Зная мою неуклюжесть, взрослые безоговорочно верили ему, а меня отчитывали за ложь. Так я приучила себя втягивать голову в плечи и жмуриться, когда братьев Мерсье одолевало желание поиграть в солдат и пленного индейца, или в охоту на олениху, или в иную какую игру, где требовалось кого-то ловить, щипать и, связав руки за спиной, волочь в крепость.
До сих пор помню, как, подавив мятеж Ната Тёрнера[43], чья роль, естественно, досталась мне, мальчики долго и основательно обсуждали, как меня казнить. Повесить, а потом освежевать, как на самом деле поступили с мятежником, или поменять эти действия местами? От страха с меня семь потов сошло. Спасло меня внезапное появления мадам Эжени, пришедшей за розами в оранжерею, где я была привязана к пальме. Странно, что она вообще заметила мое присутствие. Помимо редких сортов роз, ее на этом свете мало что интересовало.
Когда Жерару исполнилось тринадцать, а потом четырнадцать, а потом пятнадцать и его вместе с братьями отселили в garçonnière, ему со мной стало не так уж весело. Можно сказать, что моим обществом он начал тяготиться. Сами посудите — молодой повеса, уже с определенного рода опытом, а под ногами путается пигалица в длинных панталончиках.
И была бы я хоть красивой, а так ведь чернавка чернавкой, смотреть тошно. С такой смуглотой мне бы за стулом стоять да мух отгонять, а не сидеть подле него за обедом, принимая знаки внимания, кои он как жених уже обязан был мне оказывать. Однако свою неприязнь ко мне, обострявшуюся год от года, мальчики Мерсье тоже превратили в игру.
Веселые.
Каждый, кто их знал, отмечал присущую им бесшабашность.
Жестокие.
Но об этом вы и сами, наверное, догадались.

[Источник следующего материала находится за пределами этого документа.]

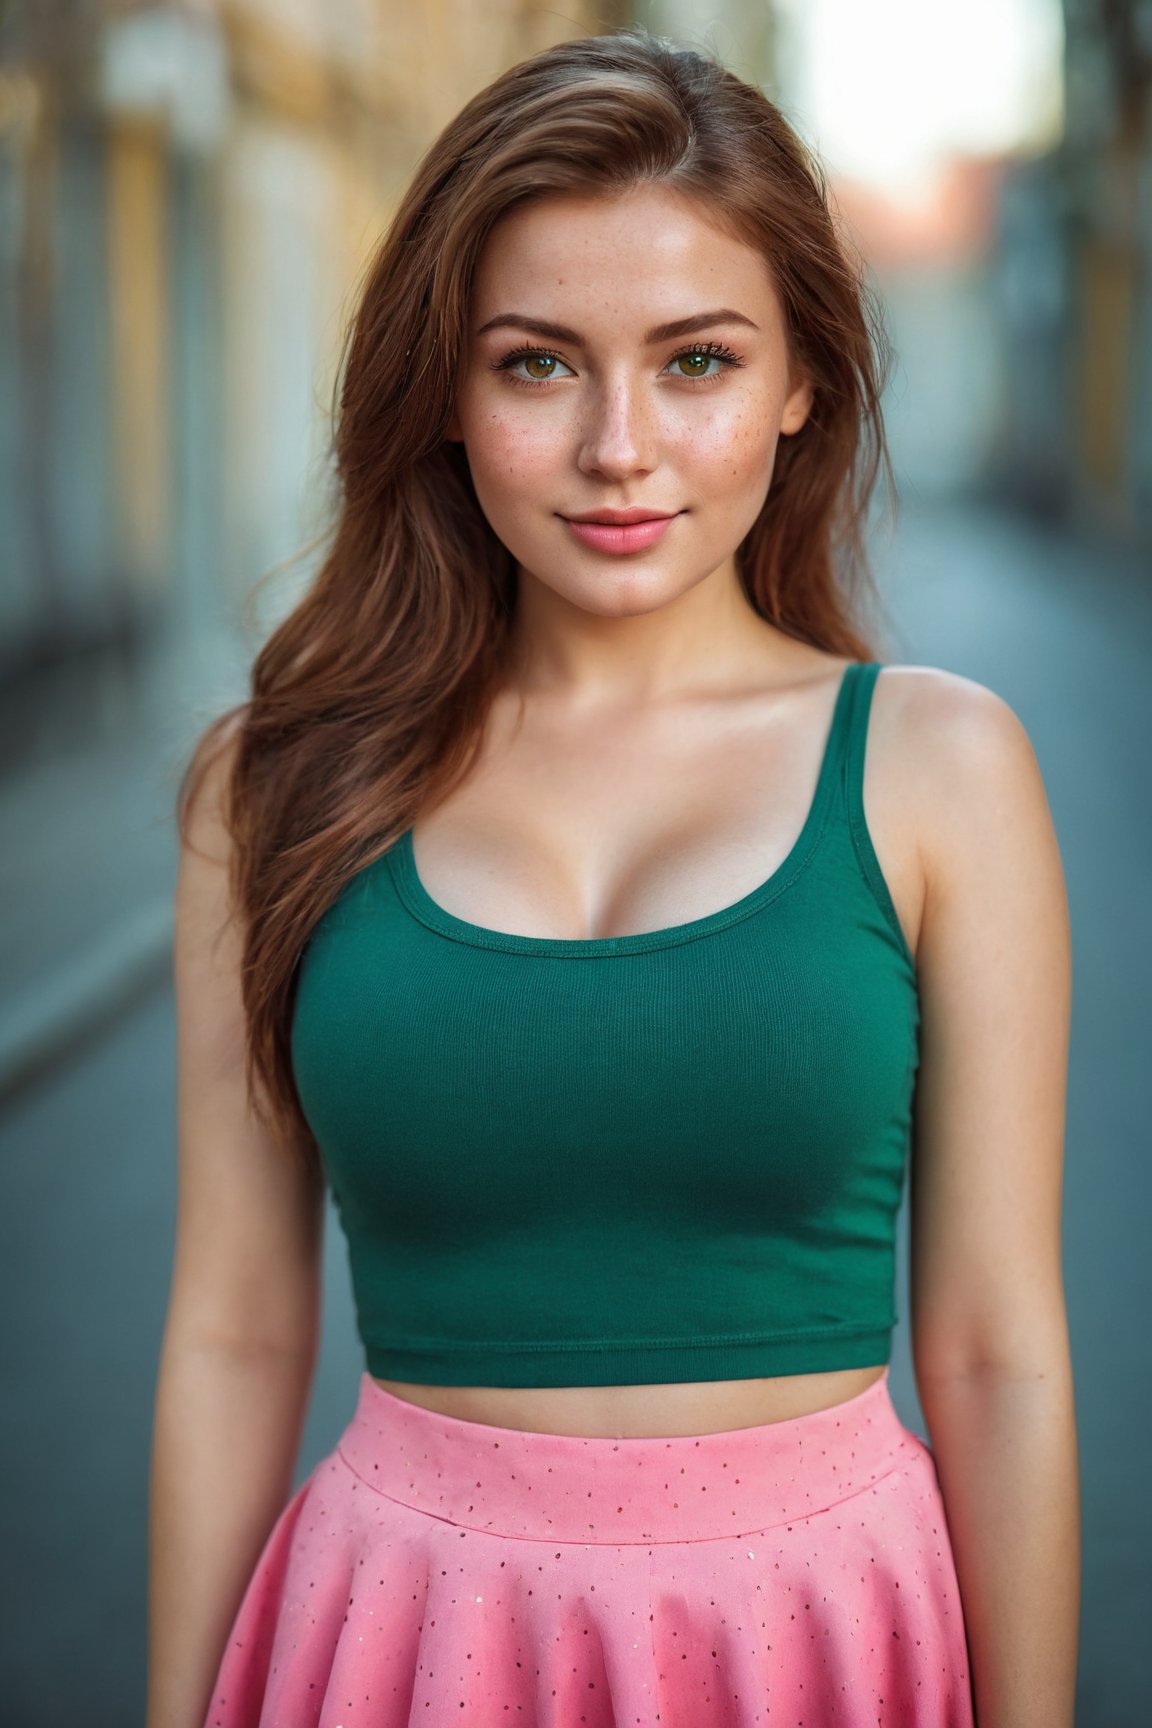 ((27-year-old Russian girl)) with a gorgeous and cute appearance. Capture her with a ((smirk)) and highlighting her ((freckles)). She should be wearing a ((green top and pink skirt)). In the background, include a young girl in a green top and pink skirt for context. This should be a ((masterpiece)) with a ((best_quality)) in ultra-high resolution, both ((4K)) and ((8K)), incorporating ((HDR)) for added vibrancy. Utilize a ((Kodak Portra 400 lens)) to achieve a professional and timeless quality. Emphasize a ((blurry background)) with a touch of ((bokeh)) and ((lens flare)) for artistic effect. Enhance ((vibrant colors)) for a lively appearance. Ensure the photograph is ((ultra-detailed)) and showcases ((absurdres)) details. Pay extra attention to capturing the ((beautiful face)) of the subject, focusing on features such as ((large breasts)) and a ((narrow waist)). Highlight any ((tattoos)) present. The goal is to create a ((professional photograph)) that is both visually striking and technically superb.

Из множества случаев, когда братьям Мерсье выпадала возможность проявить изобретательность, больше всего мне запомнился один. Потому, наверное, что тот июньский день 1857 года выдался особенно жарким, и даже тенистые персиковые деревья, под которыми нам накрыли стол, едва защищали от палящих солнечных лучей. А может, потому, что в кои-то веки ничто не предвещало беды.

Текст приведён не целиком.